Without the insurance fraud conviction being taken into account, the petitioner would have been entitled to a Category One classification and a correspondingly shorter sentencing guideline range. In response to the petitioner's request that the insurance fraud conviction be dismissed from the criminal history computation, the Court responded, "If it were expunged, I would dismiss it. Is it expunged?" (Sent. Tr. at 49.) The petitioner's counsel responded, "[The California statute] speaks to dismissal. It does not speak to expungement." (Sent. Tr. at 51.) Consequently, the Court refused to dismiss the insurance fraud conviction and found that Anderson's prior convictions merited a Category Two classification. On March 18, 2005, thirty-eight days after the petitioner was sentenced, the California state court, pursuant to California Penal Code § 1203.4, set aside the petitioner's insurance fraud conviction and dismissed the information against him. On May 11, 2006, the petitioner moved to have his sentence reduced in light of the California court's dismissal of his prior conviction [docket entry no. 226].

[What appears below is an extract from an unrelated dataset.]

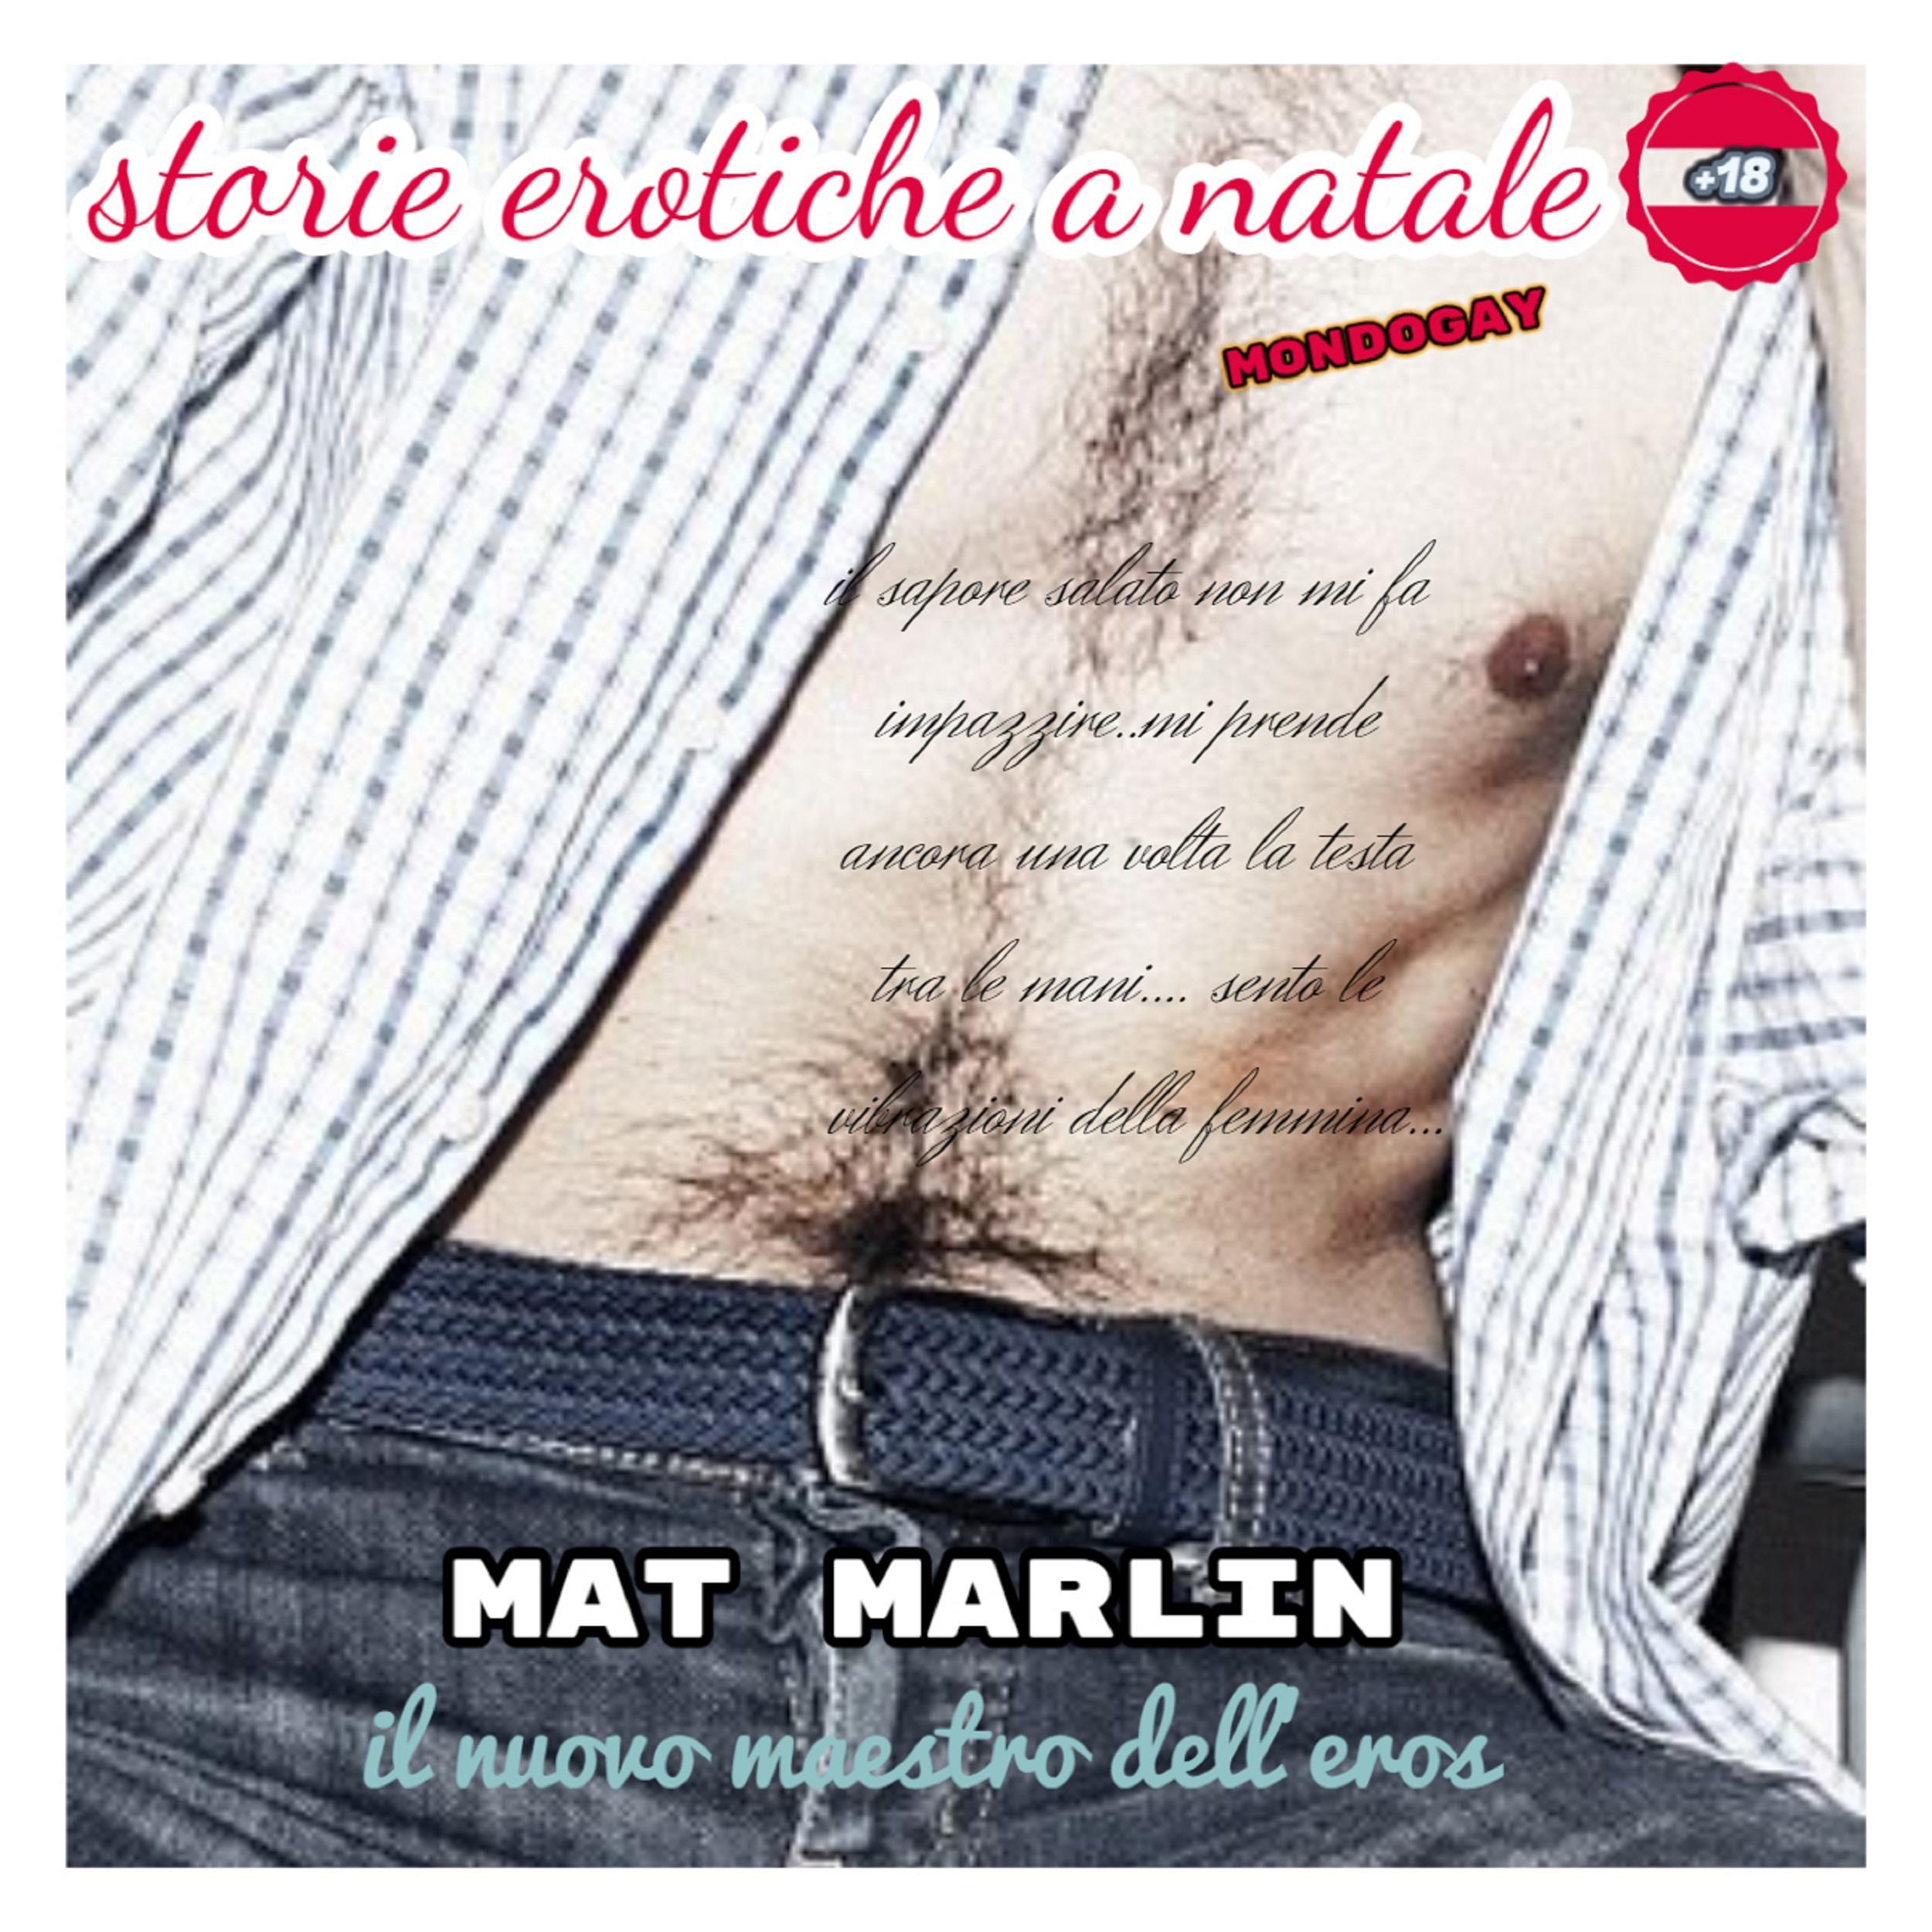 Storie erotiche a Natale (gay)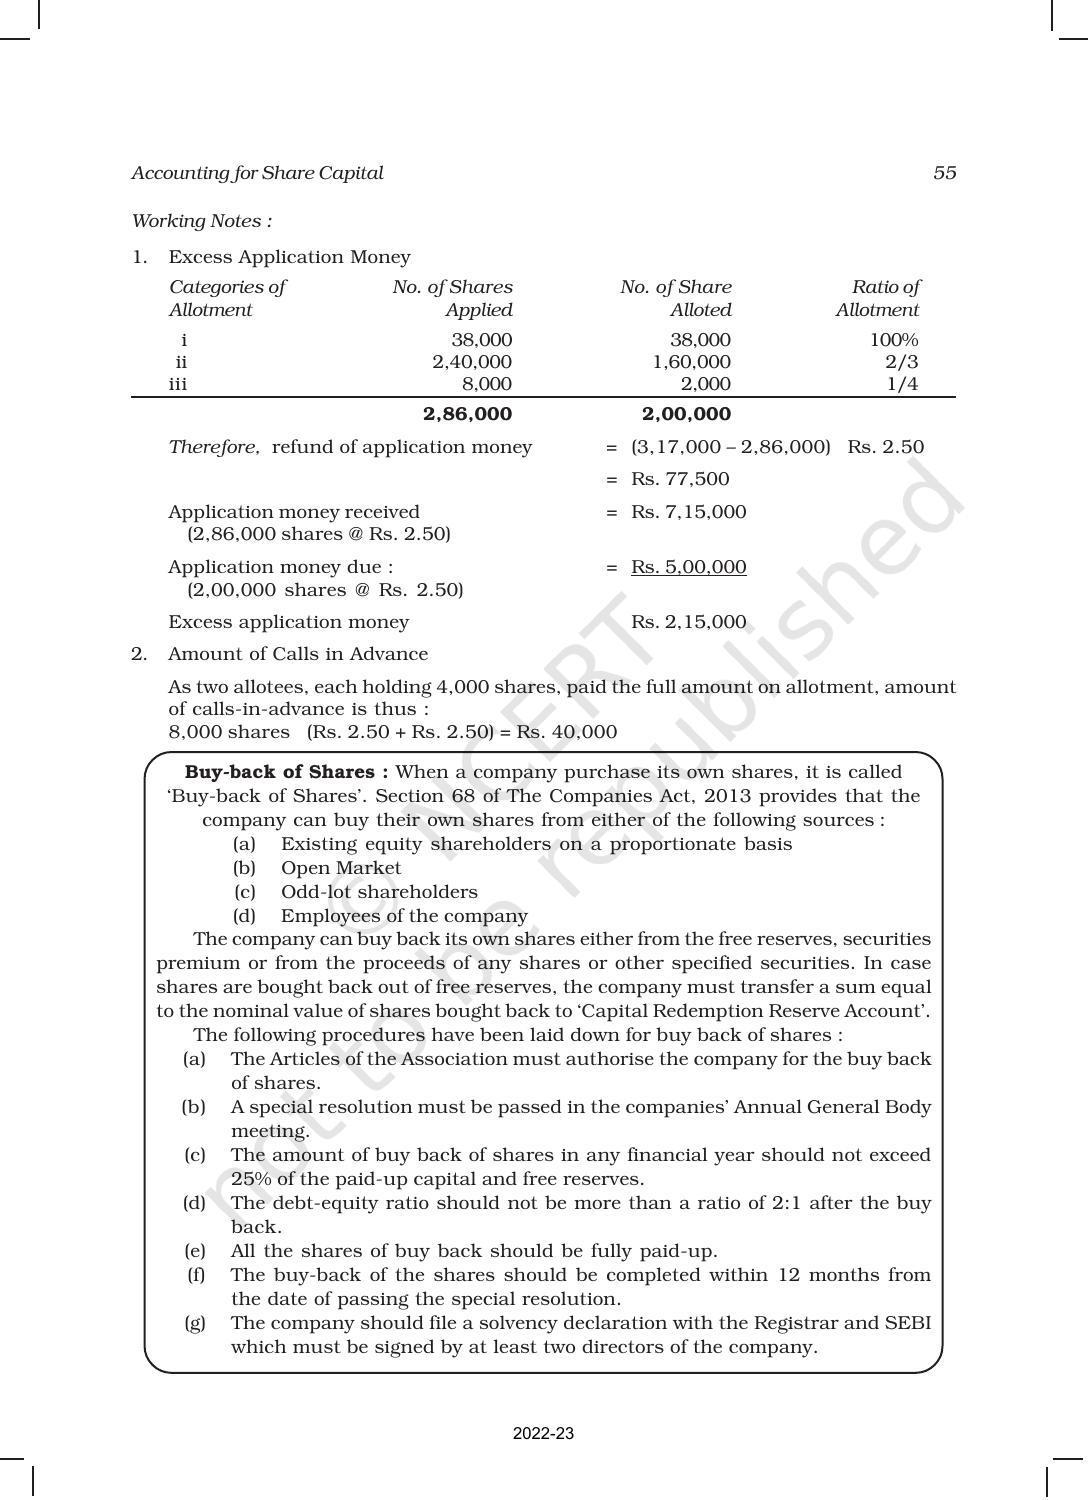 NCERT Book for Class 12 Accountancy Part II Chapter 1 Accounting for Share Capital - Page 55

Without the insurance fraud conviction being considered in the criminal history computation, the defendant's sentencing guideline range would have been between twenty-seven and thirty-three months rather than thirty and thirty-seven months.
See supra n. 1.
The commentary to United States Sentencing Guidelines Section 4A1.2 states, "A number of jurisdictions have various procedures pursuant to which previous convictions may be set aside or the defendant may be pardoned by reasons unrelated to innocence or errors of law. . . . Sentences resulting from such convictions are to be counted. However, expunged convictions are not counted." U.S. SENTENCING GUIDELINES MANUAL § 4A1.2, cmt. n. 11. As previously noted, the California court set aside and dismissed the petitioner's conviction as a unique function of California law. The conviction was not expunged, nor was there a finding of innocence or an error of law; rather, the petitioner's insurance fraud conviction was set aside simply because the petitioner completed his probation without committing any other offense in California. As such, the Court was correct when it included the petitioner's insurance fraud conviction in the criminal history calculation. See United States v. Hayden, 255 F.3d 768, 774 (9th Cir. 2001) (holding that Cal. Penal Code § 1203.4 does not "expunge" a criminal conviction for federal sentencing purposes), quoted in United States v. Myers, 2001 WL 815591, *2 (E.D. La. July 19, 2001). Moreover, the petitioner cites no legal precedent that authorizes the Court to reduce a lawfully imposed sentence. Thus, the petitioner is not entitled to a reduction of his sentence.
CONCLUSION
Since the petitioner admitted to knowing that the laundered funds were derived from the illegal sale of narcotics, the sentencing court correctly applied a Section 2S1.1(b)(1)'s six-level enhancement. As such, the petitioner's habeas petition must be dismissed with prejudice. Because the petitioner's prior California conviction was set aside and not expunged, it was properly included in the petitioner's criminal history computation. Accordingly,
IT IS HEREBY ORDERED that the petitioner's Motion to Vacate [ criminal docket entry no. 216; civil docket entry no. 1] is DISMISSED WITH PREJUDICE.
IT IS FURTHER ORDERED that the petitioner's Motion to Correct or Reduce Sentence [ docket entry no. 226] is DENIED.